Peter: We are nearing the end of the hour and we are so grateful to have you on this call. Jackie, any final things that you would like to say?.
Jackie: I am very grateful for John’s work and I have to say that it came to life for me when someone asked that question about how you get people to stop seeing themselves as someone who goes out to help someone with needs instead of going out to organize the help. So, that has been in the back of my mind all along. I’m just very grateful for the work that John has done and you, as well, Peter. It really began to help me think this way. I think that we have to help other people to think this way.
It is hard because as a Black woman so many times you don’t want to get caught in a conservative mind and say that these folks are victims, and they are going to be victims and leave them alone and so forth. It was not always the case. I had a young man who went out and did some outreach on the blocks. He’s about 30, and has been in jail about four times. I put him out there and he had been mentored by me. So, we paid him to go out and do some surveys, and he came back and said that the people who are 55 to 65 years old are the people on the block that are picking up paper.

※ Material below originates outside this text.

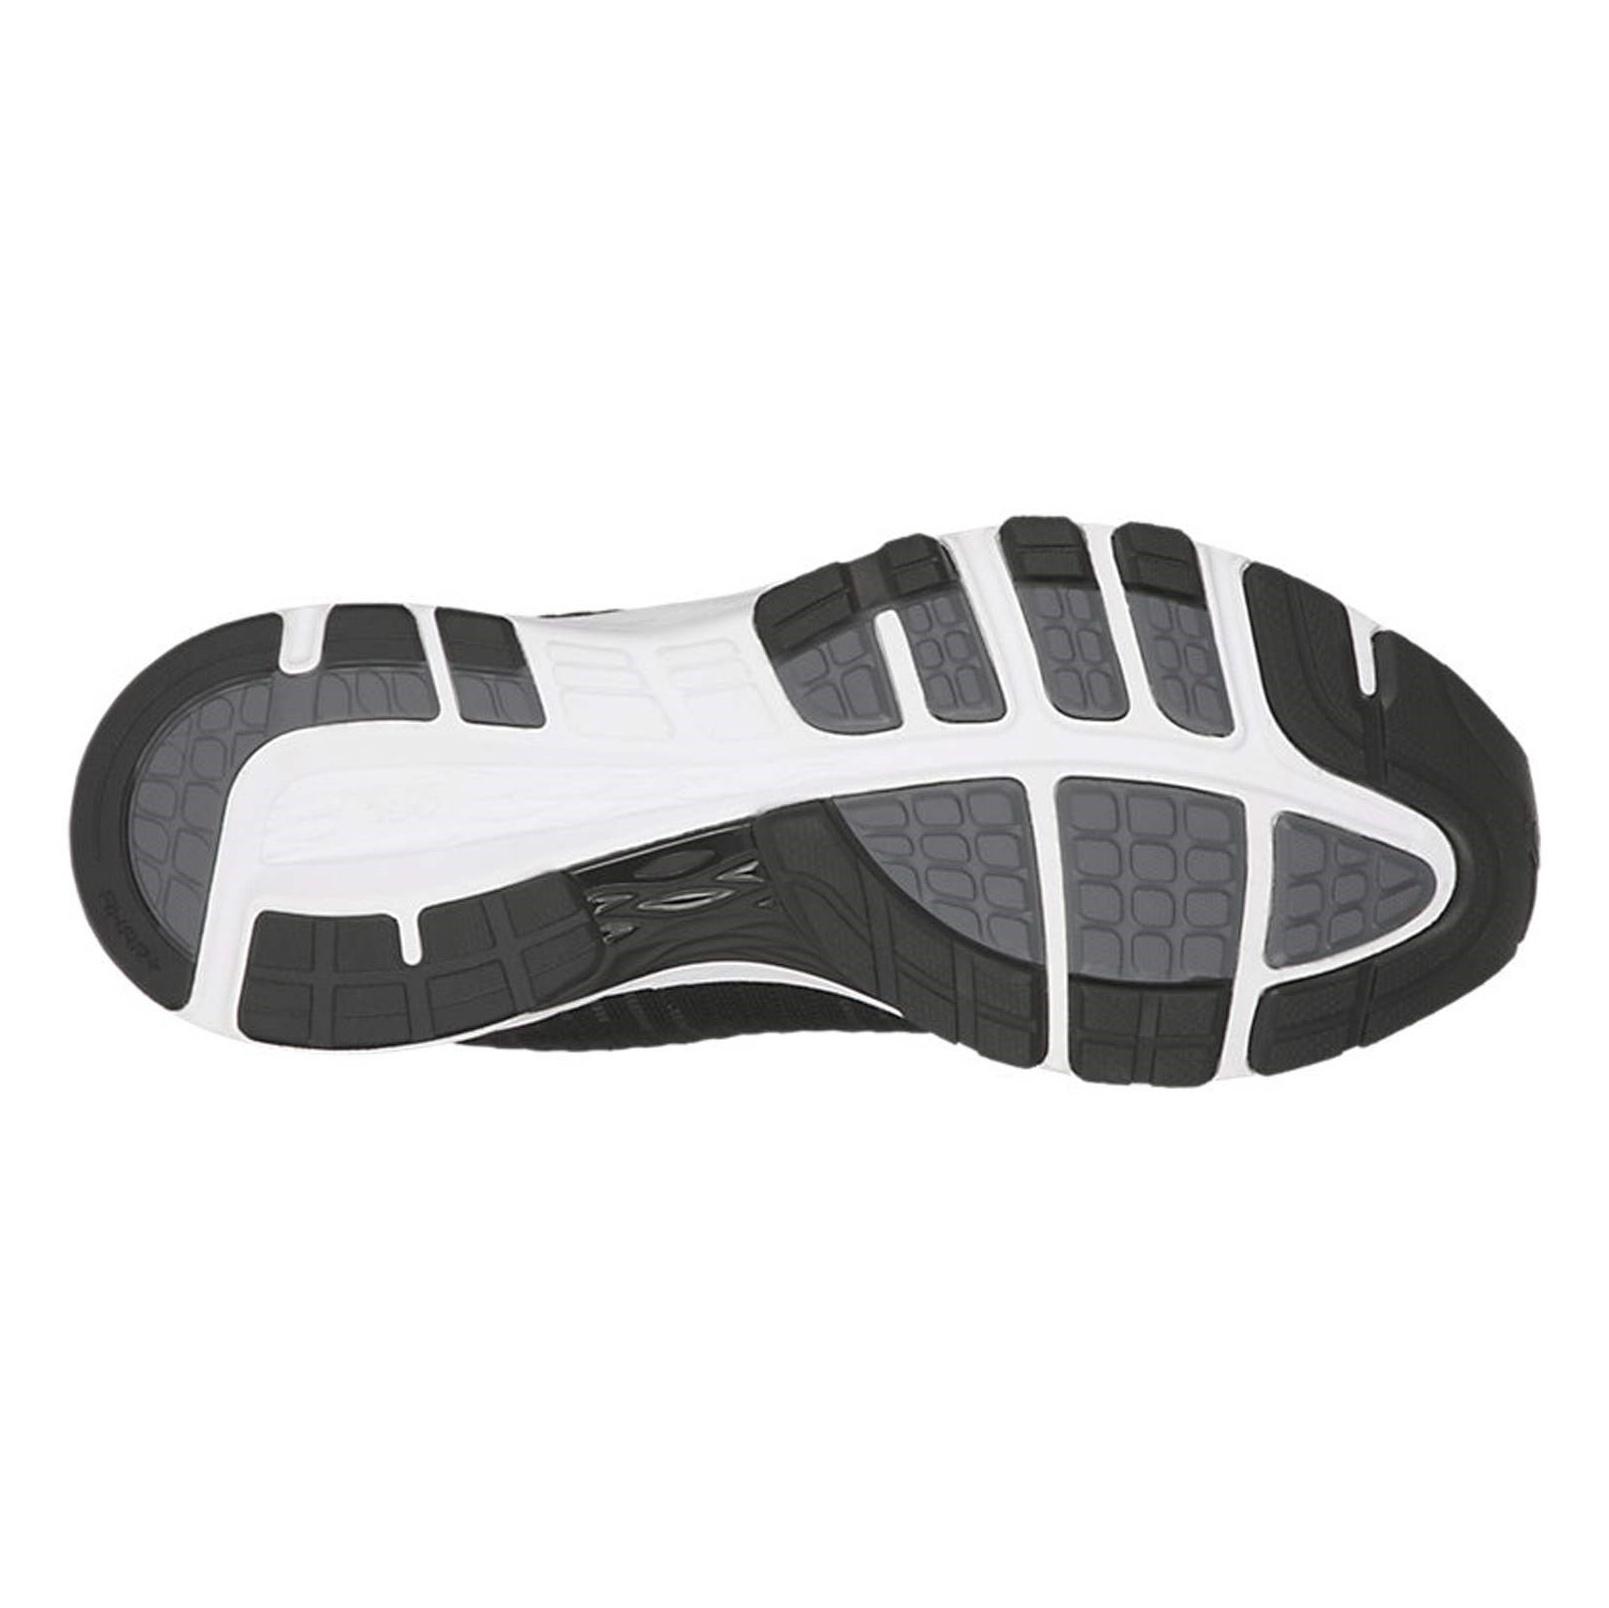 کفش دویدن بندی زنانه DynaFlyte 2 -  - مشکی - 3
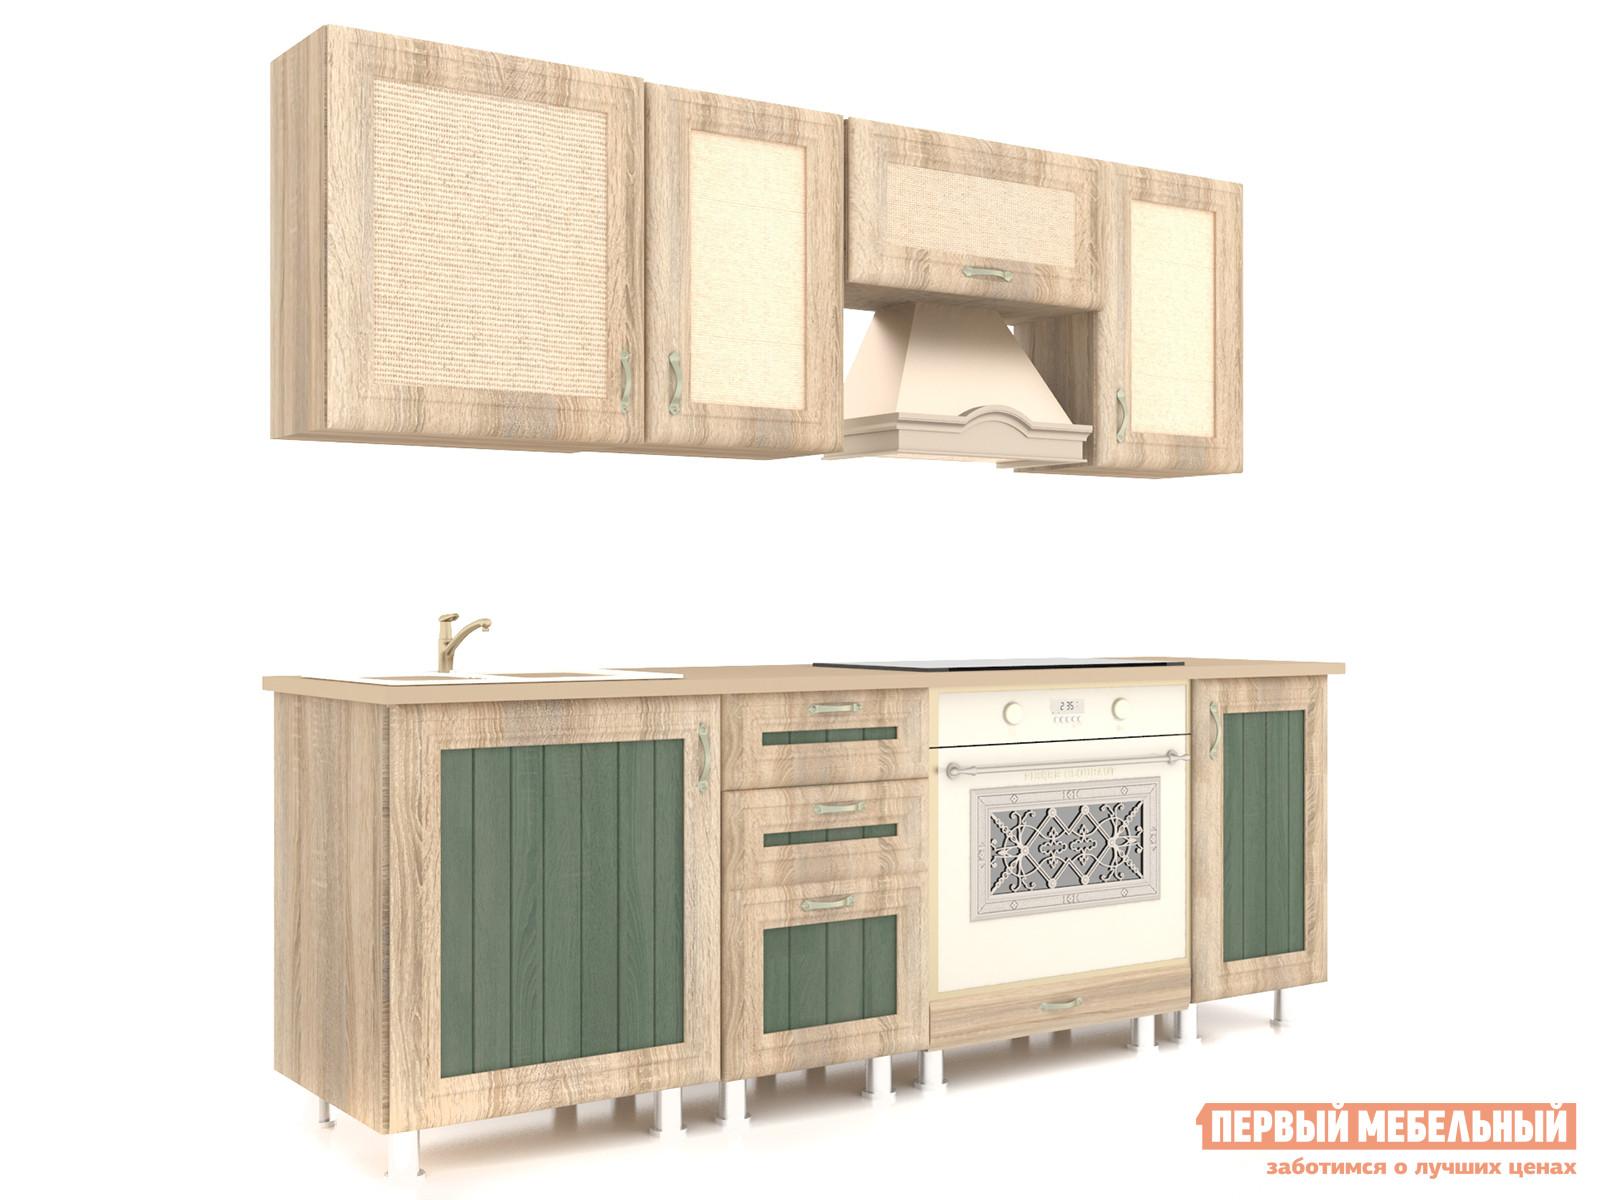 Кухонный гарнитур Любимый дом Кантри 200 см Сонома любимый дом кухонный гарнитур анастасия

They are still trying to help their neighbors. They are really hopeful, and they are really helpful. The people between the ages of 45 to 55, he said, they are hopeful, but they are less helpful. He said those that are 30 are selfish. He said they think of themselves, and they are buying their cars and their jewelry and they are competitive with their neighbors. Those under 30 are not hopeful; they are hopeless and they are fearful. He said, I don’t know how we are going to change that. And he is 30. He is somebody in the church now. He is somebody who never went to church and now he is bringing his folks to church.
The change that we have to have is not change that can come from the outside, and it is not even outside of our people. It is the inside, and we have to change the heart. That is the only change that is sustainable. That is the change to help us all to grow because when you have a passion for something, even though your leg hurts and you have arthritis, you still get up and move because you have a passion for doing that. When you do it you feel better. You feel healthier and feel more satisfied. That is health and that is being healthy. That is satisfaction and fulfillment from giving your gifts to contribute to society. When you cannot do that, then we are not in a healthy society.